Exactly. I don't plan on leaving it on all the time.


----------



## cracksandracks.com (Oct 22, 2009)

GEARHEAD_ENG said:


> Might be able to spray some under-body coating on the inside... usually works pretty good.
> 
> Looks good!


i agree this looks good....
something i have seen here that some guys have done with their lumber and ladder racks, is to have them sprayed with a rhino lining, or line-x for pickup truck beds. it's super durable, easy to clean and seals moisture.

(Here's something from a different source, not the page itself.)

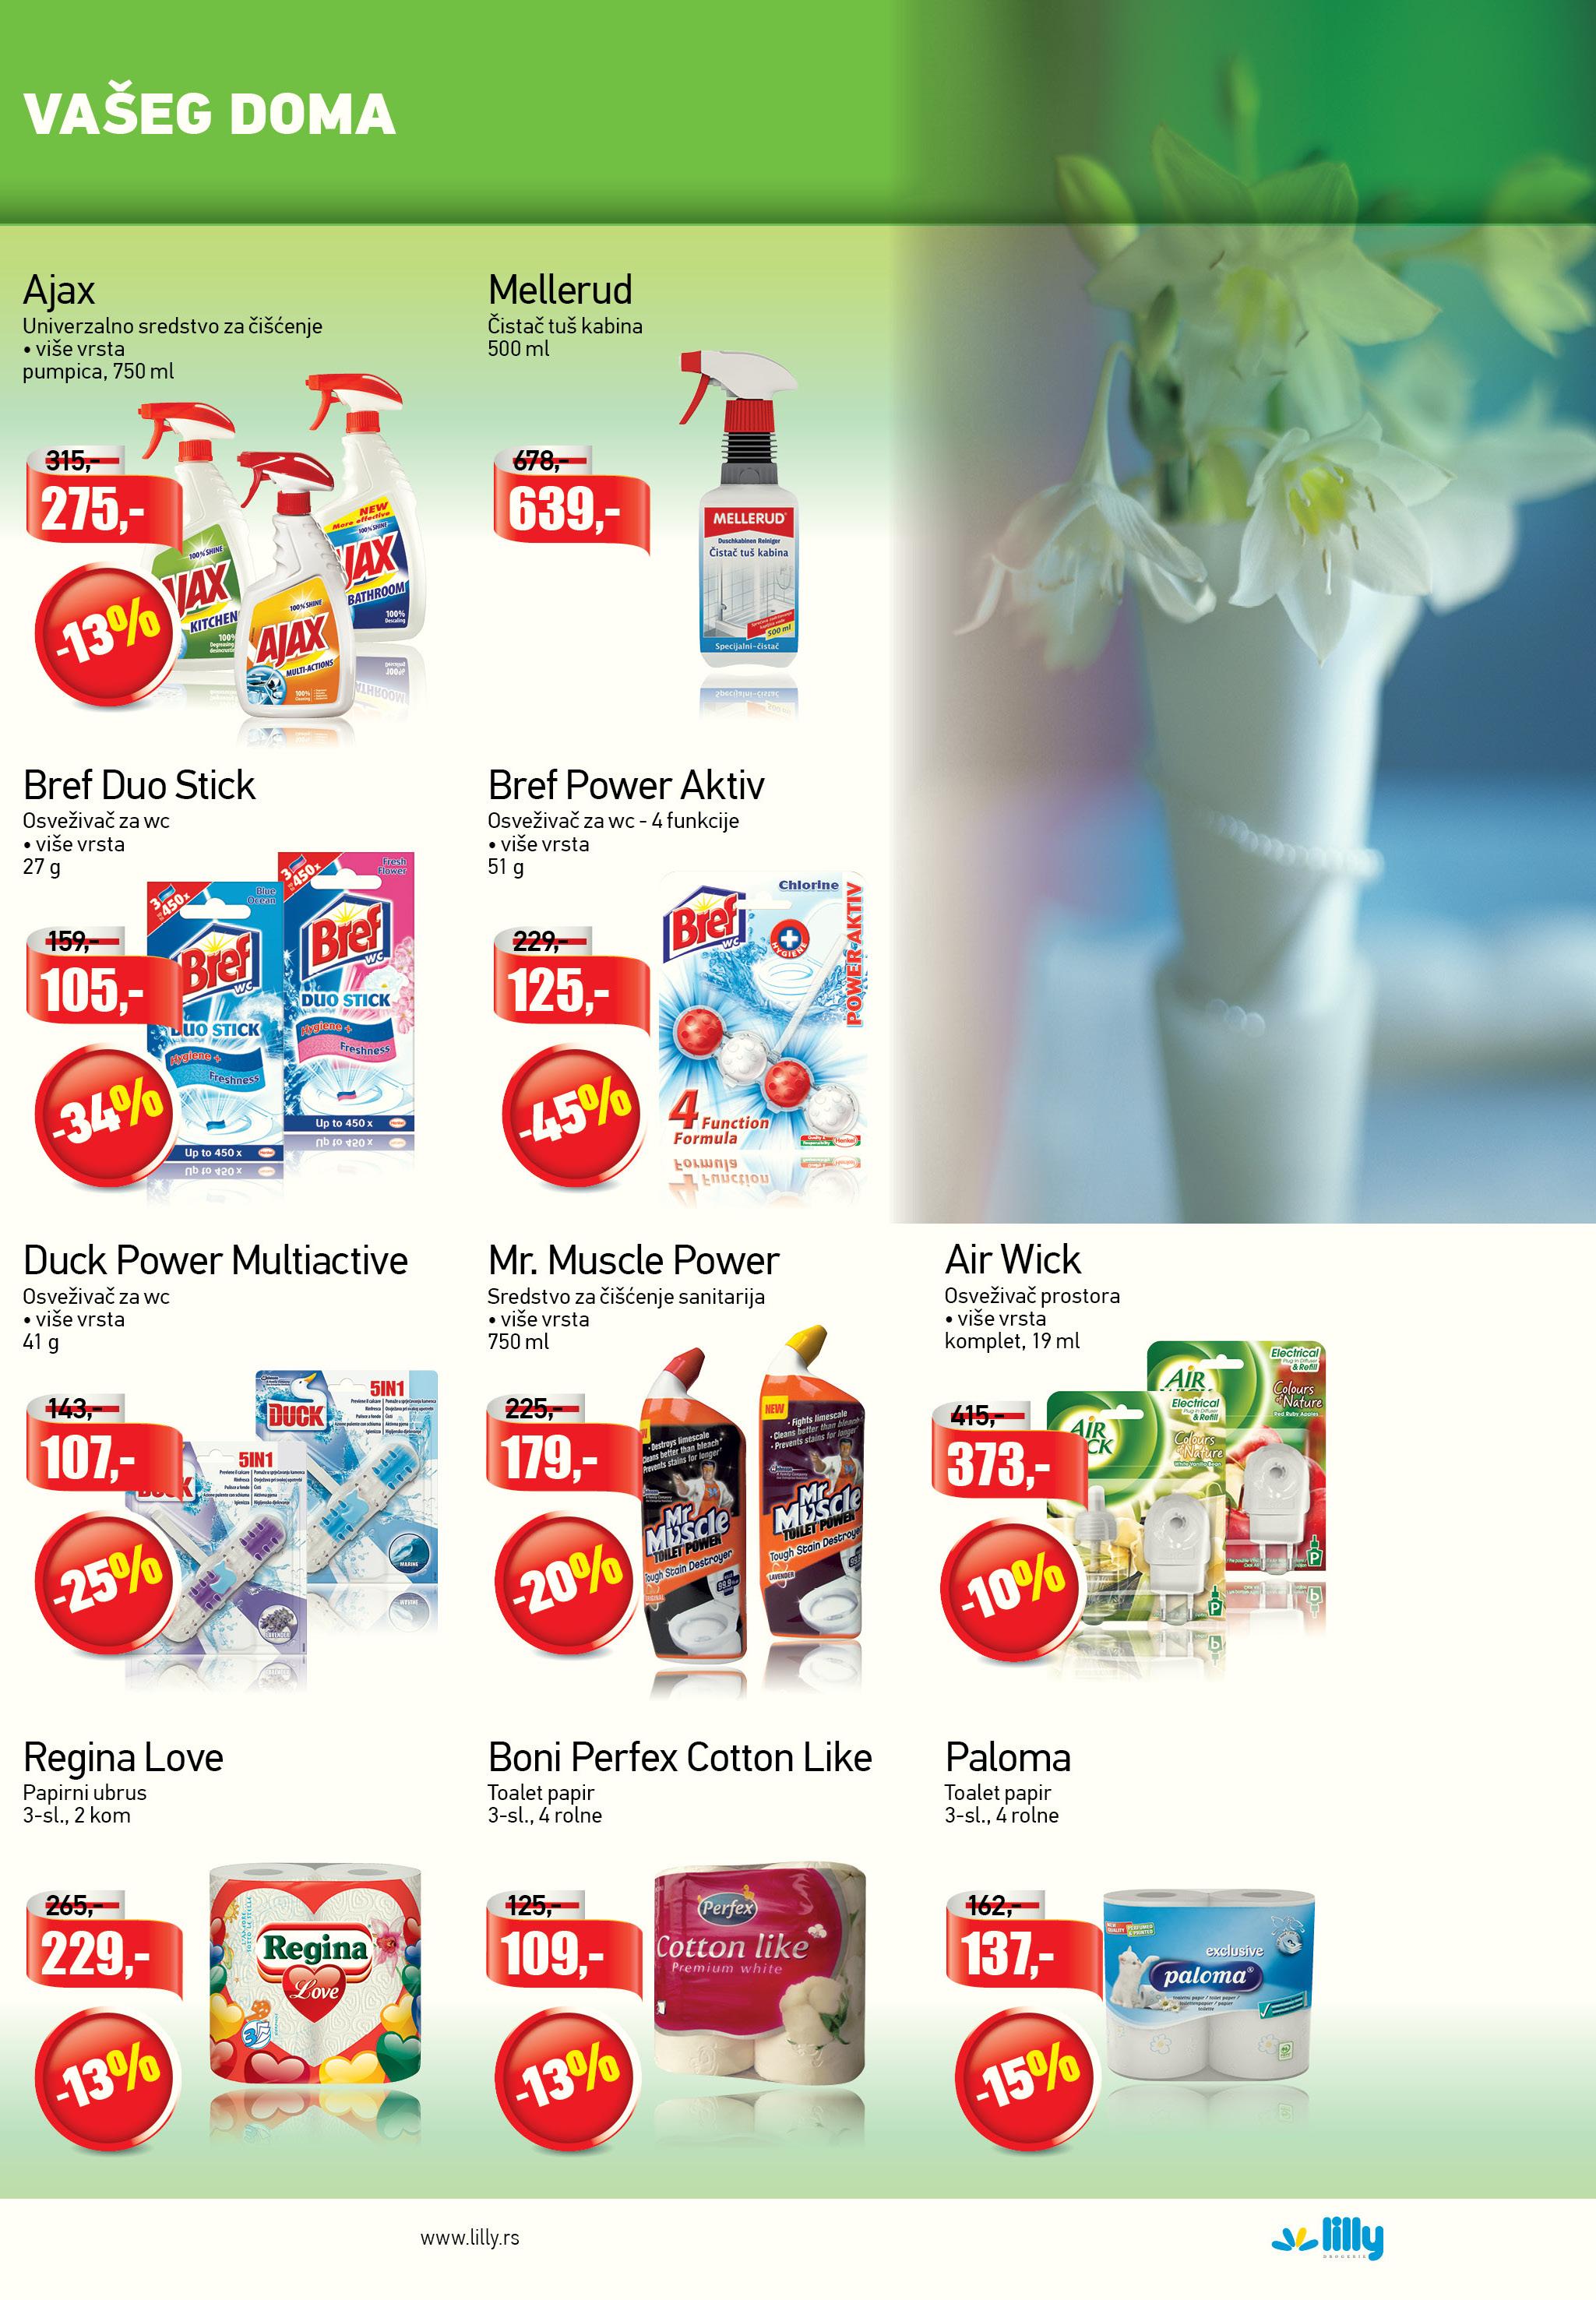 Lilly katalog super ponude

just an idea, i'm sure you could probably find a guy that does that service in your area, and have him spray down the whole rack, ( minus the bike trays).


----------



## david8613 (May 31, 2005)

looks light, is it heavy?


----------



## pop_martian (Mar 20, 2007)

david8613 said:


> looks light, is it heavy?


It probably weighs 25 pounds or so.


----------



## highdelll (Oct 3, 2008)

looks flexy


----------



## pop_martian (Mar 20, 2007)

highdelll said:


> looks flexy


Quite the opposite. It is made from welded 2" steel tubing. If memory serves, racks such as the Thule T2 are made of 1.25" aluminum. So it's thicker and heavier than a T2. The frame doesn't flex at all. I can stand on the ends and jump up and down. Holds just fine.:thumbsup:

I would wager that it could stand up to more abuse than an aluminum made rack.

Edit: The receiver part on the T2 might be steel.


----------



## highdelll (Oct 3, 2008)

^^ aww man!
joking


----------



## Rock Climber (Jul 25, 2007)

Nice work, I like it!


----------



## jeeper006 (May 8, 2009)

that is EXACTLY what i am in the process of doing. looks great, i may steal a few tips from urs and implement them to myn!!!!!


----------



## Keven Peterson (Aug 18, 2010)

funy car


----------



## Kaizer (Jul 19, 2010)

Nice rack! (no pun intended... LOL)

PopMartian
I'm looking into DIYing something like this myself. Do you happen to have a tutorial (step by step guide with equipment selection) on hand?

Thanks in advance.


----------



## pop_martian (Mar 20, 2007)

Kaizer said:


> Nice rack! (no pun intended... LOL)
> 
> PopMartian
> I'm looking into DIYing something like this myself. Do you happen to have a tutorial (step by step guide with equipment selection) on hand?
> ...


Not really. I just made it up as I went along. Just make sure you get your spacing just right between the bars so your bike doesn't hang over too far to one side.


----------



## jeeper006 (May 8, 2009)

my DIY rack looks similar to yours, except i have a piece of angle iron instead of the gutter channel. My only conflict is how to secure the bike besides just strapping the wheels down. Im thinking of a way to fabricate an arm that clinches the top tube. My only dilemna is making it look half decent and fold away.


----------



## pop_martian (Mar 20, 2007)

jeeper006 said:


> my DIY rack looks similar to yours, except i have a piece of angle iron instead of the gutter channel. My only conflict is how to secure the bike besides just strapping the wheels down. Im thinking of a way to fabricate an arm that clinches the top tube. My only dilemna is making it look half decent and fold away.


I made it so I could use my Yakima mounts on it. I am using two King Cobra mounts which seem to do the trick nicely.:thumbsup:


----------



## Snosaw (Jun 10, 2009)

Is that a Snow Leopard or a blue merle aussie in the second photo?


----------



## pop_martian (Mar 20, 2007)

Snosaw said:


> Is that a Snow Leopard or a blue merle aussie in the second photo?


Blue Merle Aussie.


----------



## azbiker27 (Jul 10, 2009)

Nice rack and nice looking dog.


----------